Meski sederhana, taruhannya terasa nyata karena isu yang diangkat sangat dekat dengan realita di sekitar kita. Perdagangan manusia, eksploitasi tenaga kerja, hingga penculikan berkedok lowongan kerja masih menjadi persoalan serius di berbagai negara Asia, khususnya Asia Tenggara.
Pendekatan ini mengingatkan kita pada The Raid, yang juga berhasil membangun ketegangan besar dari konflik yang sebenarnya sangat personal. Akibatnya, perjuangan Wang Wei dan Navin terasa mudah dipahami dan membuat penonton benar-benar peduli pada nasib mereka.
Di balik semua aksi brutalnya, The Furious tetap menyisakan kritik sosial mengenai bagaimana korban-korban dari sistem yang korup sering kali harus berjuang sendirian demi mendapatkan keadilan.
2. Aksi super cepat sepanjang film, bikin susah napas
Namun mari jujur saja. Sebagian besar penonton datang ke bioskop bukan untuk menonton plot penculikan anak, melainkan untuk menyaksikan orang-orang saling menghajar satu sama lain. Dan di sinilah letak keunggulan The Furious.
Film ini menghadirkan koreografi pertarungan yang luar biasa cepat. Bukan cepat karena trik editing dengan puluhan potongan gambar dalam beberapa detik seperti banyak film aksi Hollywood modern. Kecepatan di sini benar-benar berasal dari kemampuan para aktornya.
Joe Taslim tampil mematikan dengan berbagai teknik judo dan submission khasnya. Xie Miao membawa gaya kung fu tradisional yang eksplosif. Karakter lain menggunakan MMA, karate, hingga taekwondo. Sementara itu, Yayan Ruhian kembali membuktikan mengapa pencak silat masih menjadi salah satu seni bela diri paling mematikan di layar lebar.

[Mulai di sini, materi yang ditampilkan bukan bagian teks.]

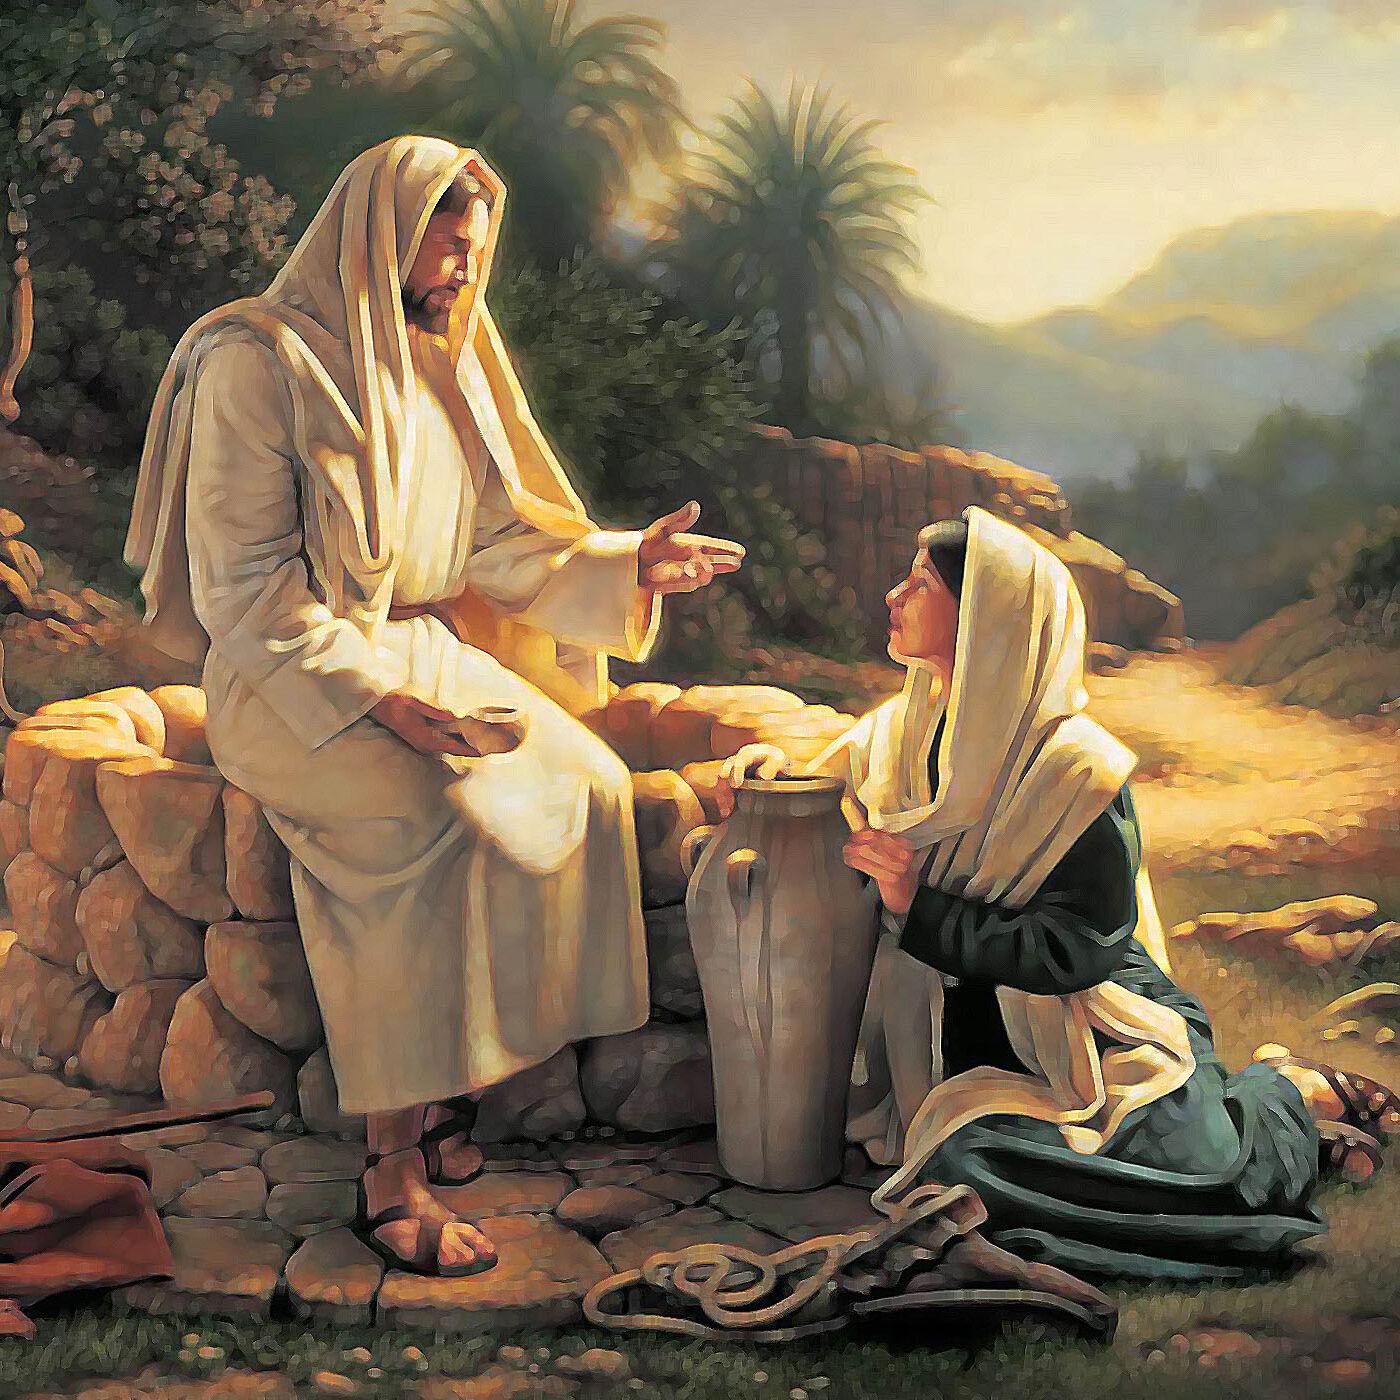 riflessioni sul Vangelo di Venerdì 14 Maggio 2021 (Gv 15, 9-17)
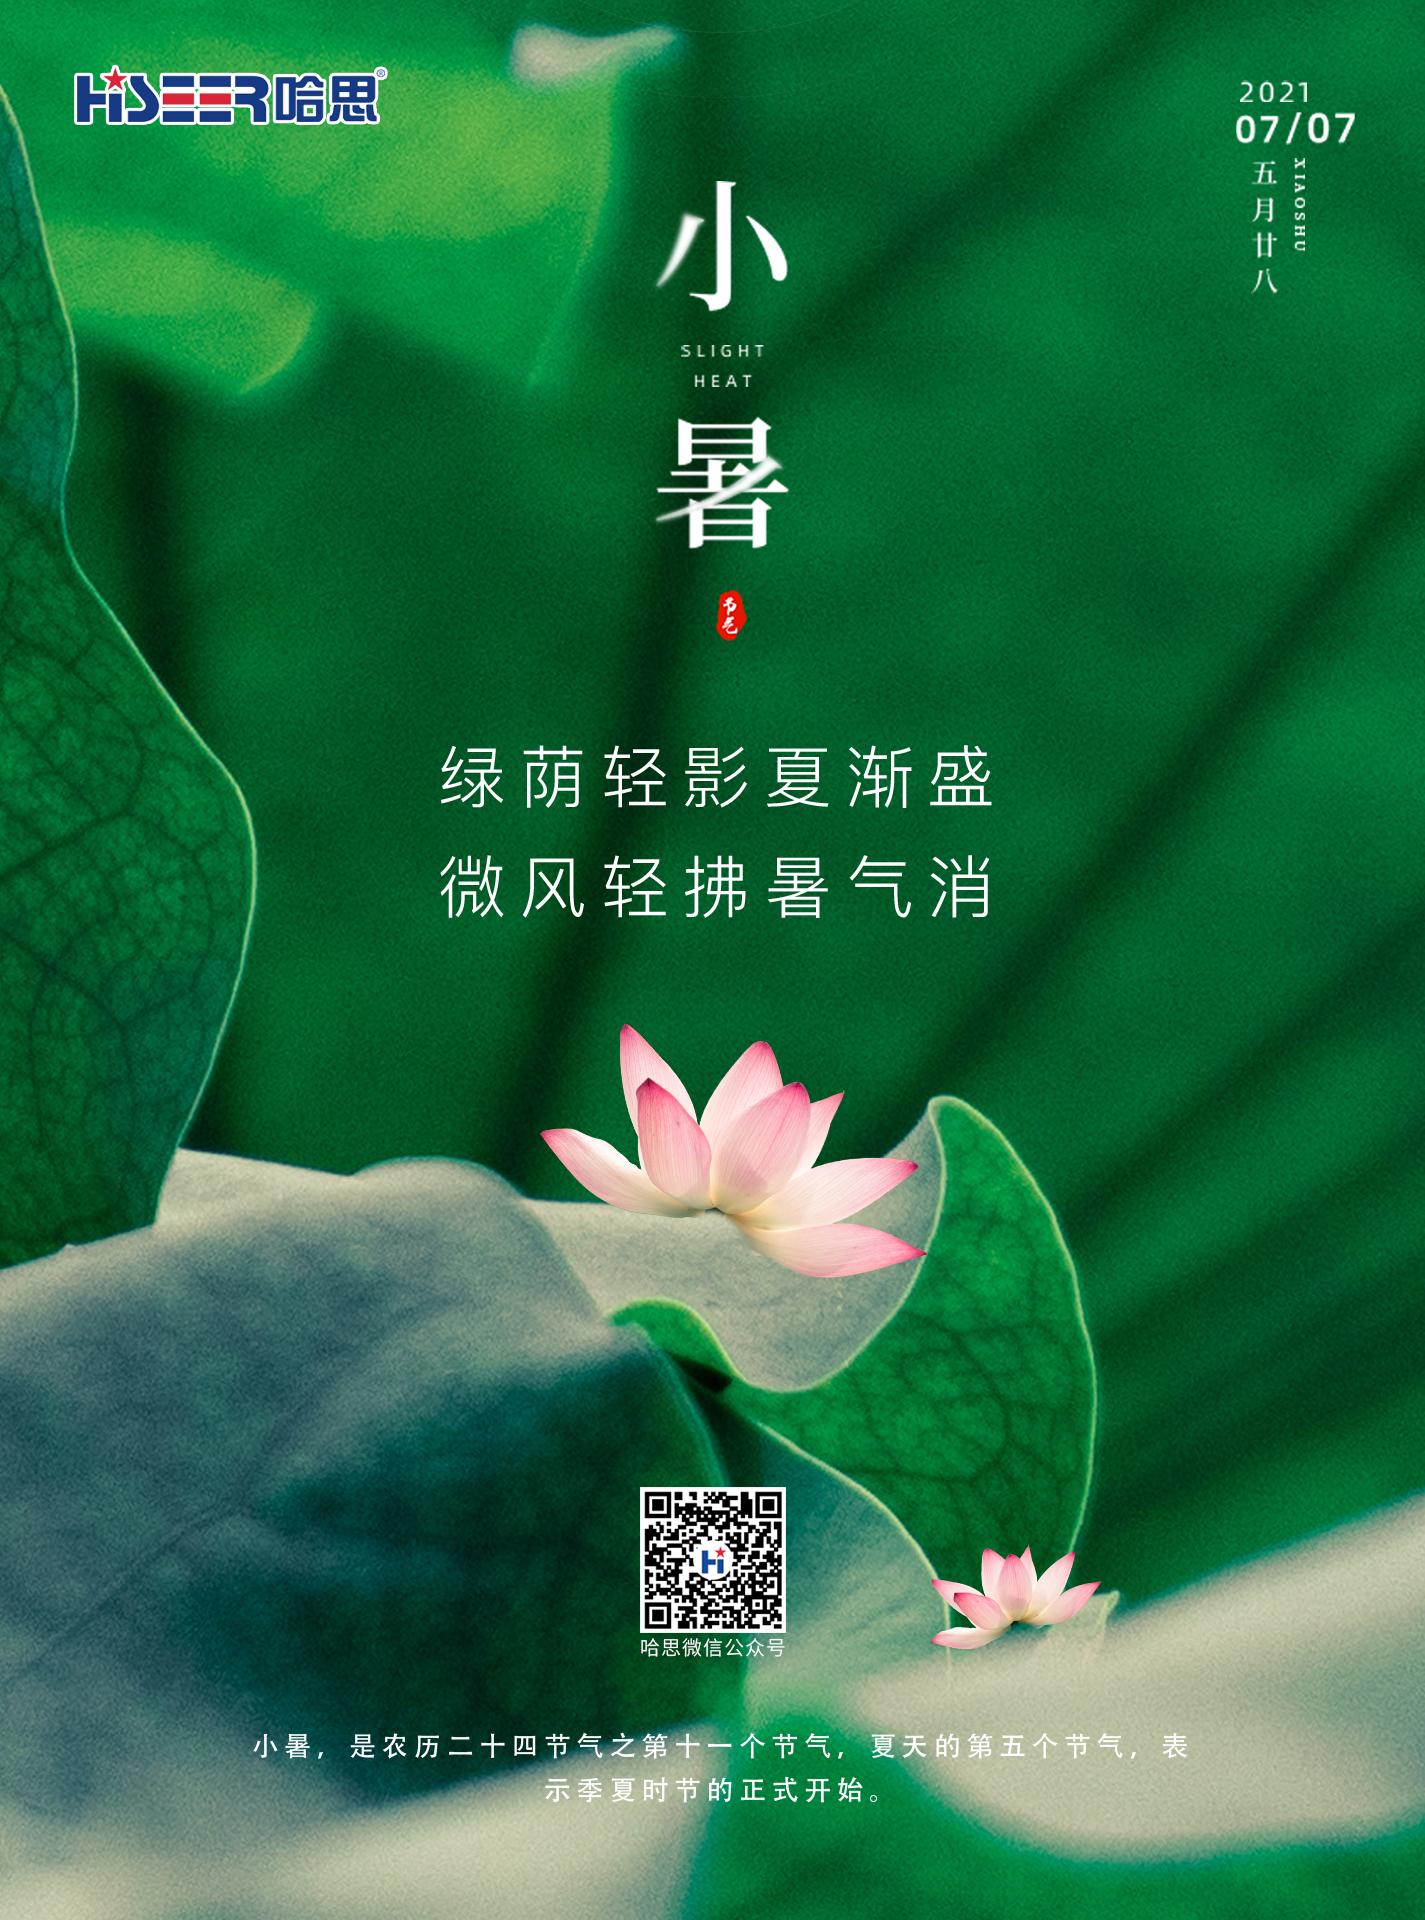 绿荫轻影夏渐盛,微风轻拂暑气消-哈思空气能海报中心

Setiap karakter memiliki identitas bertarung yang berbeda. Hasilnya adalah tabrakan berbagai disiplin bela diri yang menghasilkan adegan aksi nyaris tanpa jeda. Tak sekali dua kali koreografinya berjalan begitu cepat hingga sulit diikuti mata. Belum selesai mencerna satu bantingan, karakter lain sudah melancarkan kombinasi serangan berikutnya. Kurang lebih, itulah yang terjadi di 30 menit terakhir film.
Brutalitasnya pun tidak main-main. Orang ditusuk, dipukul hingga babak belur, dimutilasi, ditembak, bahkan mengalami nasib yang jauh lebih mengerikan. Bagi penggemar film aksi berdarah-darah, The Furious adalah surga yang luar biasa memuaskan.
3. Apakah The Furious recommended untuk ditonton?
Sangat direkomendasikan, terutama jika kamu penggemar film aksi yang brutal. Memang ada beberapa kekurangan yang cukup terasa. Kualitas dubbing dan efek suara di beberapa adegan terdengar kurang natural. Dialognya pun cenderung minim dan kadang terasa kaku. Namun, kelemahan tersebut nyaris tenggelam di bawah kedahsyatan aksi yang ditampilkan sepanjang film.
The Furious berhasil melakukan sesuatu yang selama ini terasa mustahil, yaitu menghadirkan film laga modern yang mampu membuat penonton kembali membandingkannya dengan The Raid. Apakah lebih baik? Itu masih bisa diperdebatkan. Namun, dari sisi spektakel aksi murni, film ini benar-benar bermain di level yang sangat tinggi. High-octane action!
Jika kamu menyukai film aksi brutal, koreografi pertarungan kelas dunia, dan ingin melihat rematch Joe Taslim serta Yayan Ruhian dalam satu layar, maka The Furious adalah tontonan yang tidak boleh dilewatkan. Film ini membuktikan bahwa sinema aksi Asia masih menjadi rumah bagi pertarungan terbaik di bioskop saat ini.
Kesimpulannya, The Furious adalah ledakan adrenalin tanpa rem, sebuah all-star action movie yang menghadirkan pertarungan brutal selama nyaris dua jam. Tiketnya sudah tersedia di Cinema XXI, CGV, dan Cinépolis Indonesia mulai 17 Juni 2026. Jangan sampai terlewat, ya!